What we have is three equation with three variables, we can solve it the same way we solve equations with 2 variables:

Let us multiply (1) with -2 and add to (2)

==> -4x-4y-8z=0

4x+9y+16z=0

==> 5y+8z=0 ....(4)

Now multiply (2) with -2 and add to (3)

-8x-18y-32z=0

8x+27y+64z=0

==> 9y+32z=0 ...(5)

Now lultiply (4) with -4 and add to (5)

-20y-32z=0

9y+32z+0

==> -11y=0

==> y=0

==> z=0

==> x=0

To solve

2x+3y+4z = 0..........(1)

4x+9y+16z = 0.........(2)

8z+27y+64z = 0.......(3)

Solution:

4*(1)- (2) gives: 4x+3y = 0........(4)

16(1)-(3) give: 24x+ 21y = 0.......(5)

7*(4) - (5) gives: 4x = 0. So y= 0, So from (4)4x+3*0 = 0. Or x = 0. Substititing x=0 and y =0 in eq (1), we get: z= 0.

So x =0

y=0 and

z= 0.

We notice that the system is homogeneous type (all the free terms are equal to 0).

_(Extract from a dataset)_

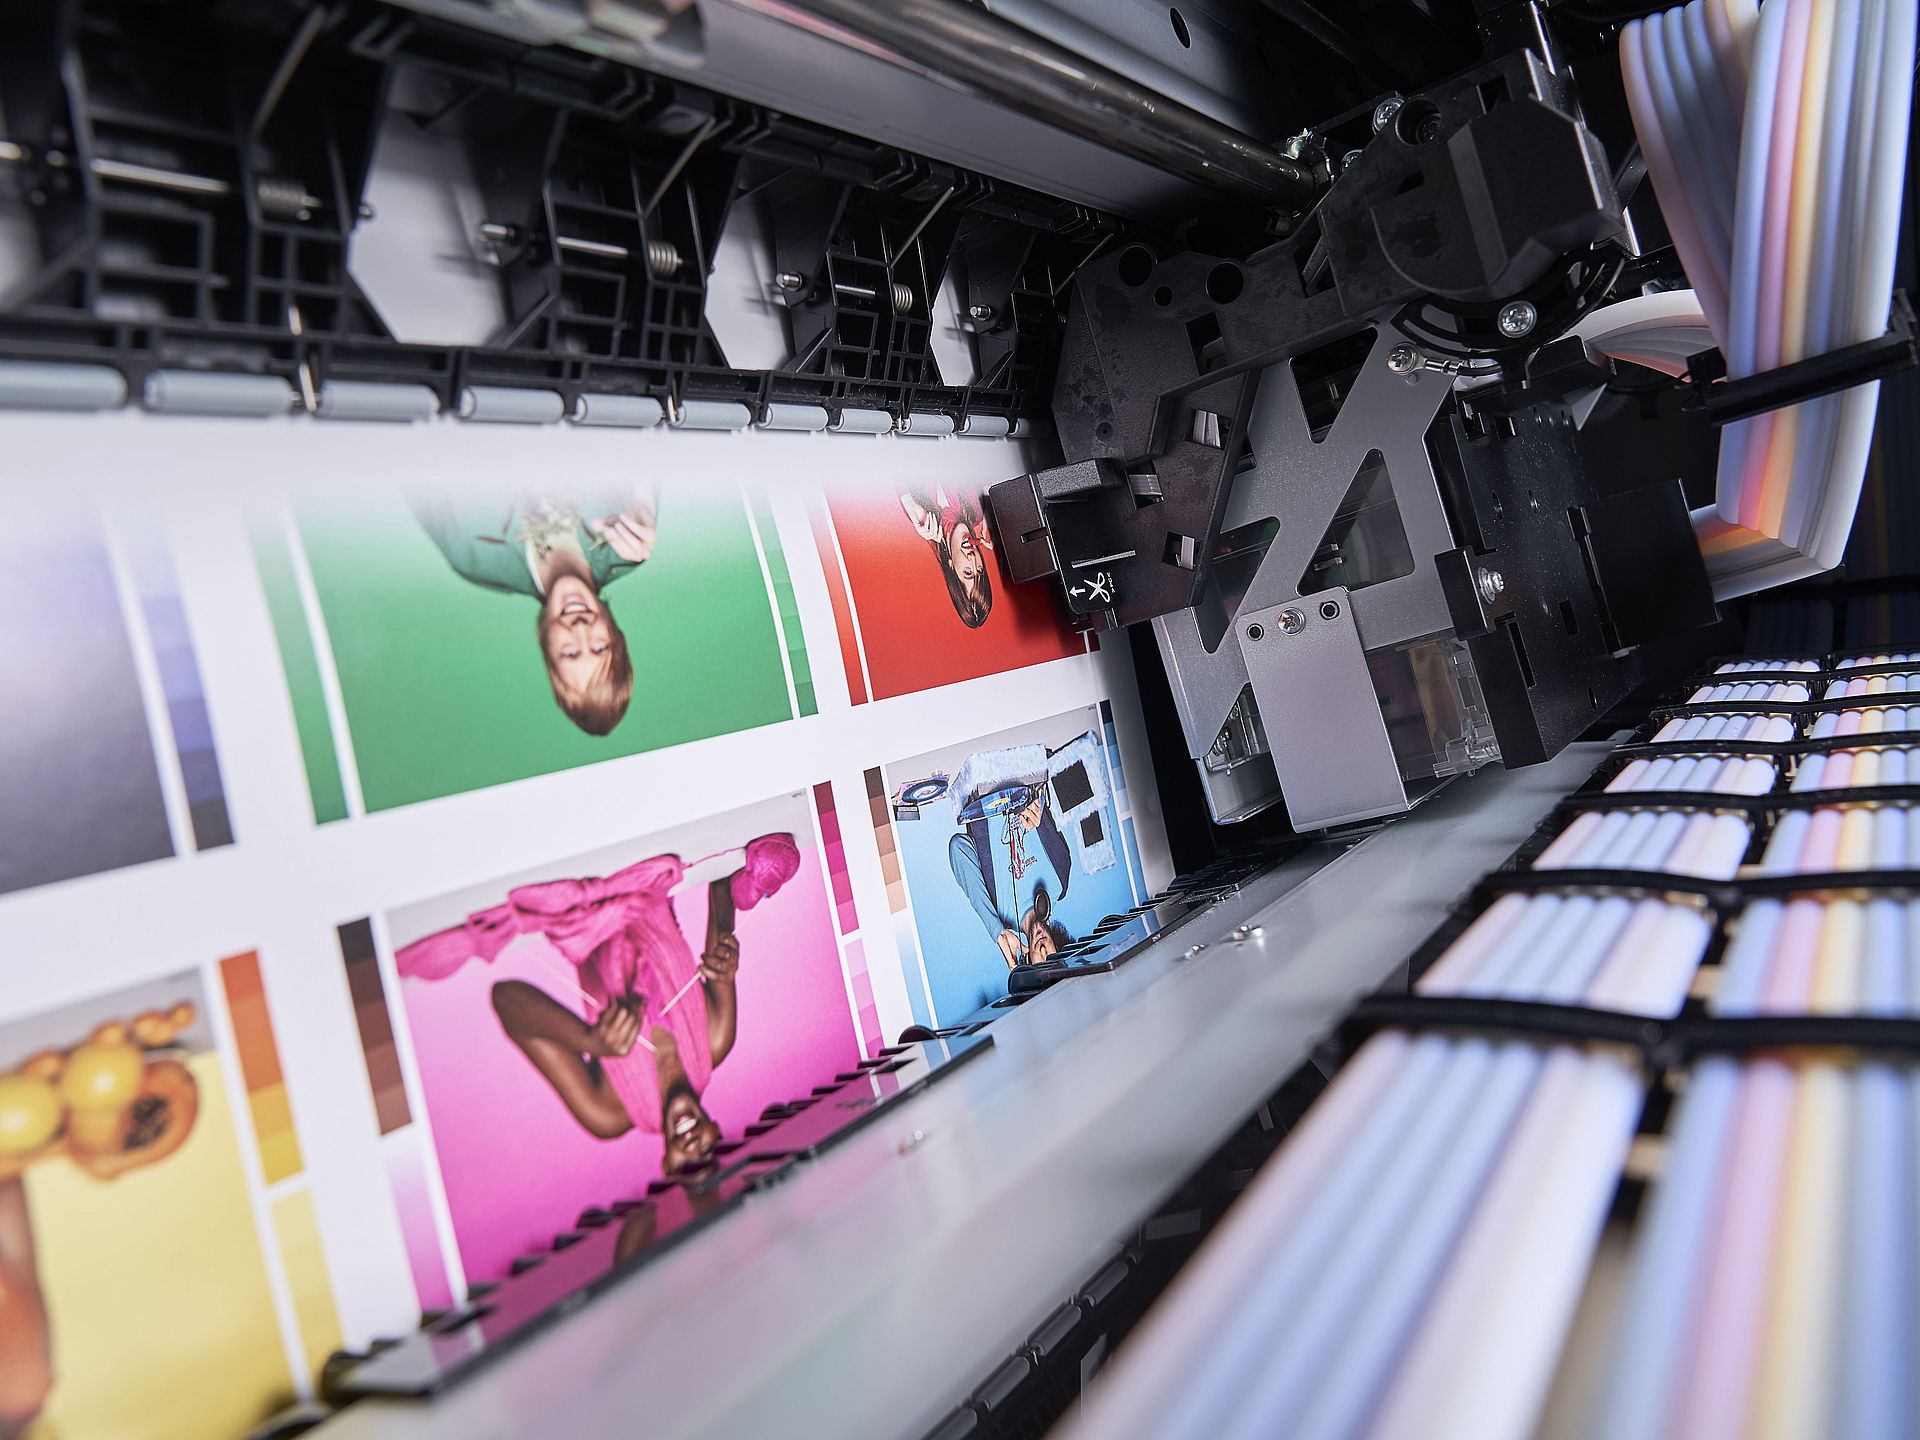 Innere eines Digitaldruckers

If the system is determined, the only solution is the null one, where x = 0, y = 0 and z = 0.

If we create the matrix of the system and after that we calculate it's determinant, and if this one is different from zero, then the only solution of the system is x = 0 , y = 0 and z = 0.